Geometry-Constrained Car Recognition Using a 3D Perspective Network

Authors: Zeng Rui, Ge Zongyuan, Denman Simon, Sridharan Sridha, Fookes Clinton1161-1168

AAAI 2020 | Conference PDF | Archive PDF | Plain Text | LLM Run Details

Reproducibility Variable Result LLM Response
Research Type Experimental We present qualitative and quantitative results on the vehicle classification and verification tasks in the Box Cars dataset.

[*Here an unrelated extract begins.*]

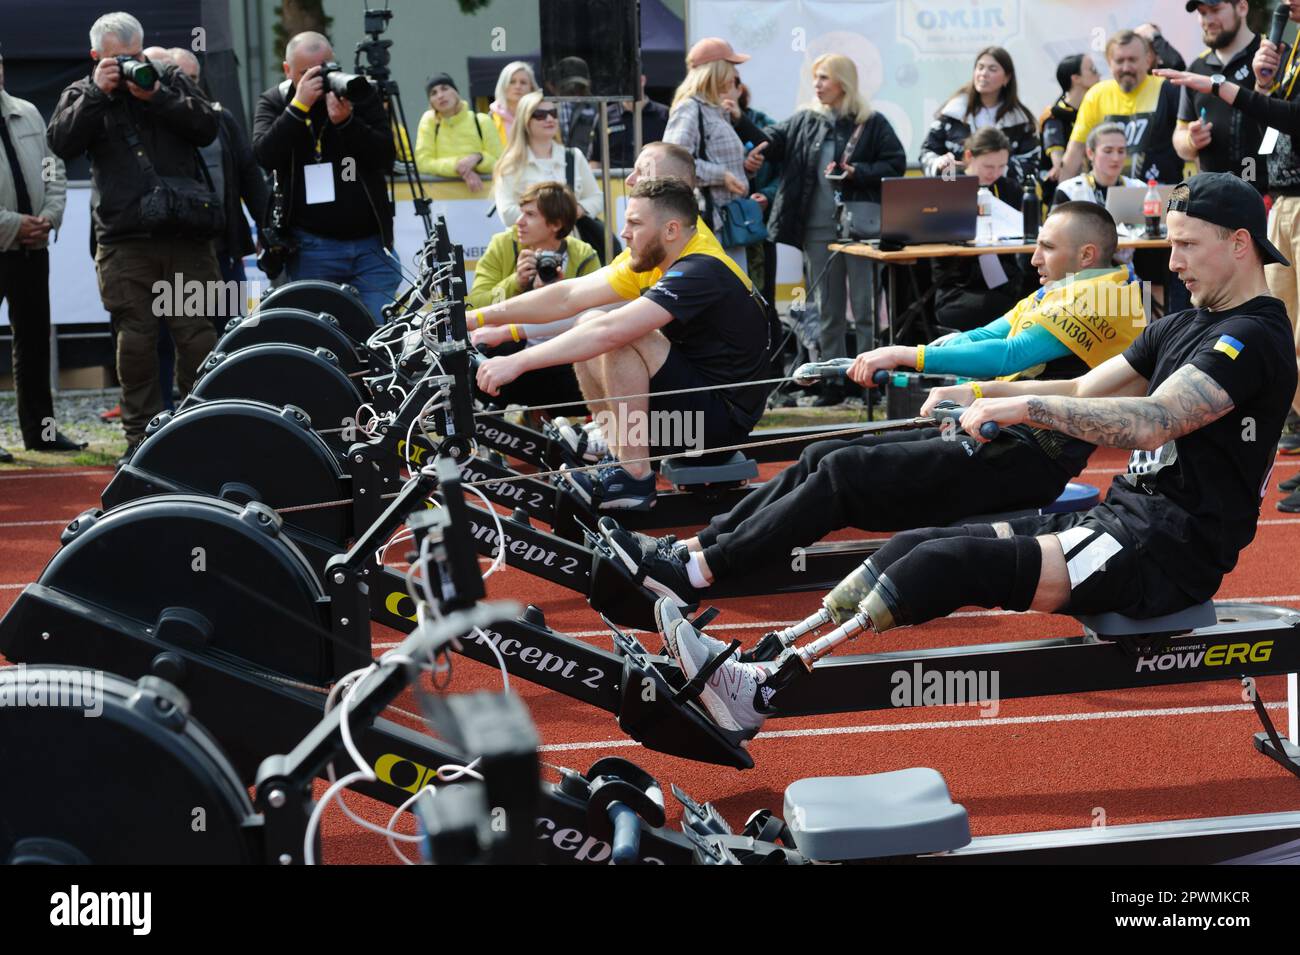 Ukrainian athletes compete at the Outdoor Rowing competition during qualifying competitions of the Invictus Games in Lviv, Ukraine. This is the biggest veteran competition. This year they held in 9 sports. Based on the results of this selection, the national team of Ukraine will be formed from 24 participants, who will represent Ukraine at the Invictus Games international competition, in September in Dusseldorf, Germany. Russia launched a large-scale invasion of Ukraine on February 24, 2022, triggering the largest military attack in Europe since World War II. Stock Photo

The results demonstrate that, by learning such a concise 3D representation, we can achieve superior performance to methods that only use 2D information while retain 3D meaningful information without the challenge of requiring a 3D CAD model.
Researcher Affiliation Academia 1Queensland University of Technology 2Monash University r3.zeng@hdr.qut.edu.au; zongyuan.ge@monash.edu; {s.denman, s.sridharan, c.fookes}@qut.edu.au
Pseudocode No The paper describes algorithms and networks (e.g., Global Network, 3D Perspective Network, Feature Fusion Network) and includes mathematical formulations for loss functions, but it does not contain any structured pseudocode blocks or sections explicitly labeled 'Algorithm'.
Open Source Code No The paper does not contain any explicit statements about making the source code available or provide a link to a code repository for the methodology described.
Open Datasets Yes To our best knowledge, the Box Cars dataset (Sochor, Herout, and Havel 2016) is only dataset which provides both 3D and 2D bounding box annotations for vehicle recognition in the computer vision community. Therefore, we use it to evaluate our model.
Dataset Splits Yes Regarding the classification task, the dataset is split into two subsets: Medium and Hard. The Hard protocol has 87 categories and contains 37,689 training images and 18,939 testing images. The Medium protocol is composed of 77 categories and has 40,152 and 19,590 images for training and testing respectively.
Hardware Specification Yes Each batch takes approximately 2s on a NVIDIA Tesla P100 GPU and in total the model takes about 12 hours to converge.
Software Dependencies No The paper mentions several software components and frameworks such as 'Retina Net', 'Mobile Net V2', 'Res Net101', 'SGD', and 'multi-modal compact bilinear (MCB) pooling', but it does not specify any version numbers for these or other software dependencies.
Experiment Setup Yes SGD is chosen as our optimizer and its momentum is set to 0.9. The initial learning rate is 0.02, and is divided by 10 after every 15 epochs. The batch size is set to 30. The model optimisation is ceases when training reaches 45 epochs.